Rosario, Argentina – 1958

 

            Ana Gallardo is a visual artist, feminist activist, weaver of bonds that are part of her life and her work. She works with the languages within her reach, she is self-taught and autobiographical. Her mother was an artist and died when she was very young; like her mother, she began painting, but realized, as time went by, that she was terrible at it. After several unsuccessful attempts to be recognized for her work, after sending her pieces to different contests, and trying to insert herself in a market designed mainly for men, she decided to close her workshop. Tidying up her things, in her eagerness to put an end to a phase, she taped each of her tools to the wall.
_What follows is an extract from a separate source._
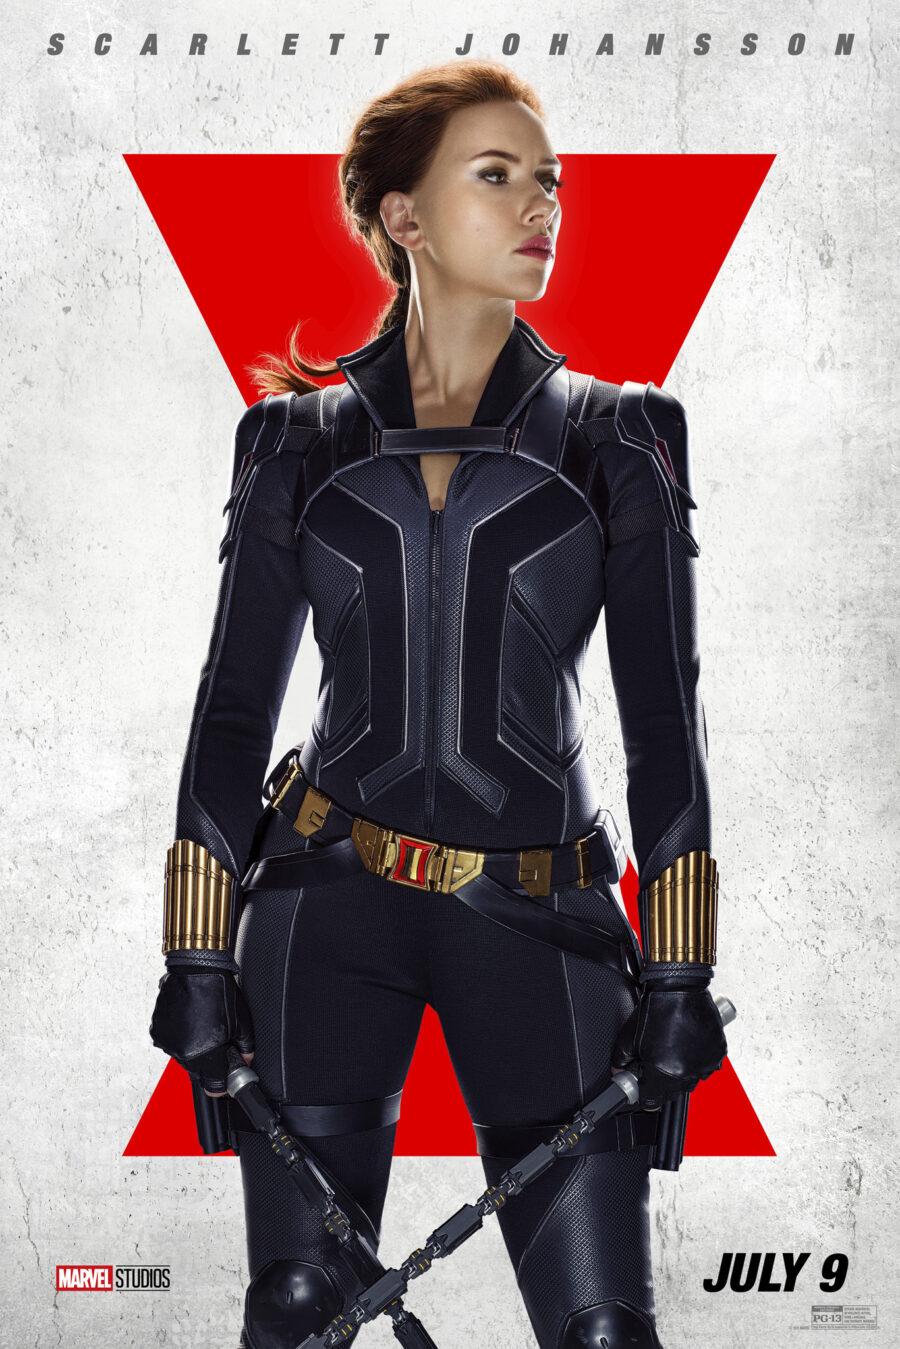 Scarlett Johansson black widow poster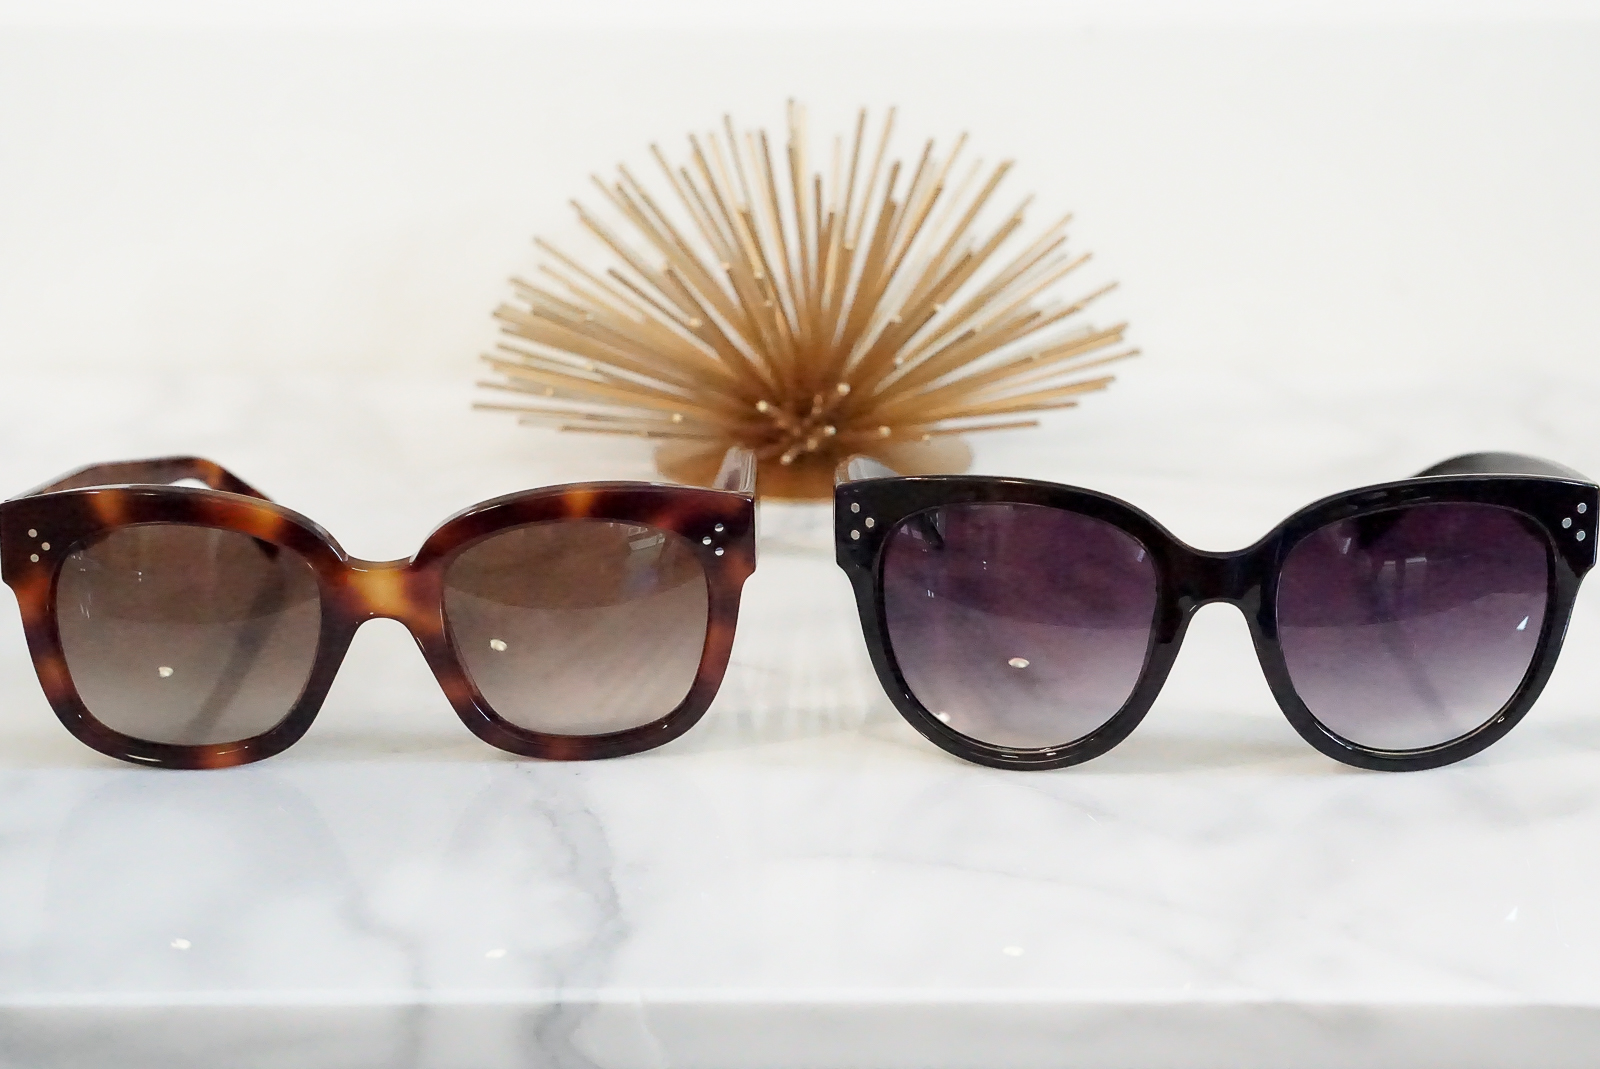 Celine Audrey Sunglasses, UV Zero sunglasses, Celine Audrey New, sunglasses similar to celine audrey, celine audrey sunglasses replica, celine audrey sunglasses dupe

When a friend arrived at the house and saw what she had done, he thought that there was a new work. In the eye that observed and in Ana herself a mean was born, which was pictorial but also sculptural, in which a new way of producing found its form. 

            From that moment on, the course of her artistic life took a turn that led her into different performances, from setting up a mobile home with her things and carrying them on her bicycle to the gallery, to taping all the objects that belonged to the men who passed through her life, but mainly to make visible the macho violence both in art and in life.  She herself, her existence, is her own material. She is always moved by the theme; the rest is usually anecdotal. Her practice arises from the link with others and from a specific activity that often occurs outside the limits of the exhibition room. Violence, particularly in the world of women, old age, and precariousness, tend to be constant themes in her work. 

            Gallardo has given visibility to women, to diversities, to the elderly with a work made to be moved, to participate, to think, to fight. Although over the years her work has undergone different metamorphoses, in her artistic work there is a common horizon: to repair the damage, to help and accompany while producing work. She is a warrior artist who works with her fears, inventing new ways of living and bonding. Because above the vertigo of change, for Gallardo there is first a duty: to discover and give form to all the manifestations of desire.